These are audit layers: observed support is reasonably strong through 2022, but the main fragilities are identification stability, out-of-sample fit, and support quality. They help readers interpret the canonical pooled headline; they do not replace it.

Beyond the pooled headline estimates, the project maintains an evidence-quality layer that tracks, for every component of the childcare pipeline, how much of the underlying data rests on direct administrative evidence versus inferred, proxy, or fallback sources. The project:

  • Ingests real Child Care and Development Fund (CCDF) administrative data (163 state-year rows) and classifies each row by the quality of its public-vs-private childcare split — distinguishing explicit administrative records, inferred support, retained proxy support, and downgraded proxy support.
  • Harmonizes state childcare licensing rules (4,692 harmonized rules) into a structured regulatory panel covering all 50 states and DC.
  • Builds segmented childcare quantities that separate public-admin, subsidized-private, and unsubsidized-private channels alongside the pooled model.
  • Exports machine-readable release artifacts that specify which outputs are headline-eligible, which are diagnostics-only, and what publication rules apply.

Why this matters for economists and policy readers. Replacement-cost and marketization-price estimates gain credibility when readers can verify how much of the underlying decomposition rests on direct administrative evidence. Policy readers evaluating formalization need to know which components are robust headline objects and which are still under empirical construction. The licensing and segmentation layers matter because formalization policy operates differently on public-admin care, subsidized-private care, and unsubsidized-private care — expanding public pre-K, increasing CCDF subsidy rates, and deregulating private providers are distinct policy levers that act on distinct segments of the market. The project is unusual in pairing a simple pooled headline with a transparent support-quality audit, rather than presenting a single number and hiding the empirical uncertainty behind it.

Of the 163 CCDF administrative state-year rows, 107 (explicit + inferred) are headline-eligible for decomposition claims; 56 (retained or downgraded proxy) are excluded from headline use. The licensing IV produces diagnostics-only outputs in its current form (weak first-stage, F = 1.24). Segmented outputs are additive scaffolding — they complement but do not replace the canonical pooled model. The core pipeline is rebuildable from source data with no manual steps; three optional inputs (CCDF policy workbooks, ICPSR licensing archives) enrich the release bundle but require manual download.

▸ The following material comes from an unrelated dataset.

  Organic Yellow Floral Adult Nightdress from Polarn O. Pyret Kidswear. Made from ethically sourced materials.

CCDF decomposition and support quality

The project ingests real CCDF administrative data from Administration for Children and Families (ACF) reports and classifies each of the 163 state-year rows by the quality of its public-vs-private childcare split:

Support bucket State-year rows Share Headline eligible?
Explicit administrative 7 4.3% Yes
Inferred from related fields 100 61.3% Yes
Retained proxy 9 5.5% No — diagnostics only
Downgraded proxy 47 28.8% No — diagnostics only

107 rows (explicit + inferred) are eligible for headline-grade CCDF decomposition claims. 56 rows (retained proxy + downgraded proxy) are excluded from headline use and retained only for diagnostics.

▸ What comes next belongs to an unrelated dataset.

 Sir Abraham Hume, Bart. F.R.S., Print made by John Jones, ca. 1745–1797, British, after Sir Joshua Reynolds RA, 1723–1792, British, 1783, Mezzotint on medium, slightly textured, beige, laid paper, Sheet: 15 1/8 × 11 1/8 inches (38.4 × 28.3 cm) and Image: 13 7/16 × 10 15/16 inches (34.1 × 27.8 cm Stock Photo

The 47 downgraded-proxy rows estimated the public/private split using subsidy payment-method shares (voucher, contract, or private-pay distributions) rather than direct administrative counts of children served. Because the payment-method distribution diverges substantially from children-served totals for these rows (mean ratio: 2.10×), they are downgraded to a simpler children-served fallback. The 9 retained-proxy rows have smaller gaps but still fall short of the explicit/inferred standard.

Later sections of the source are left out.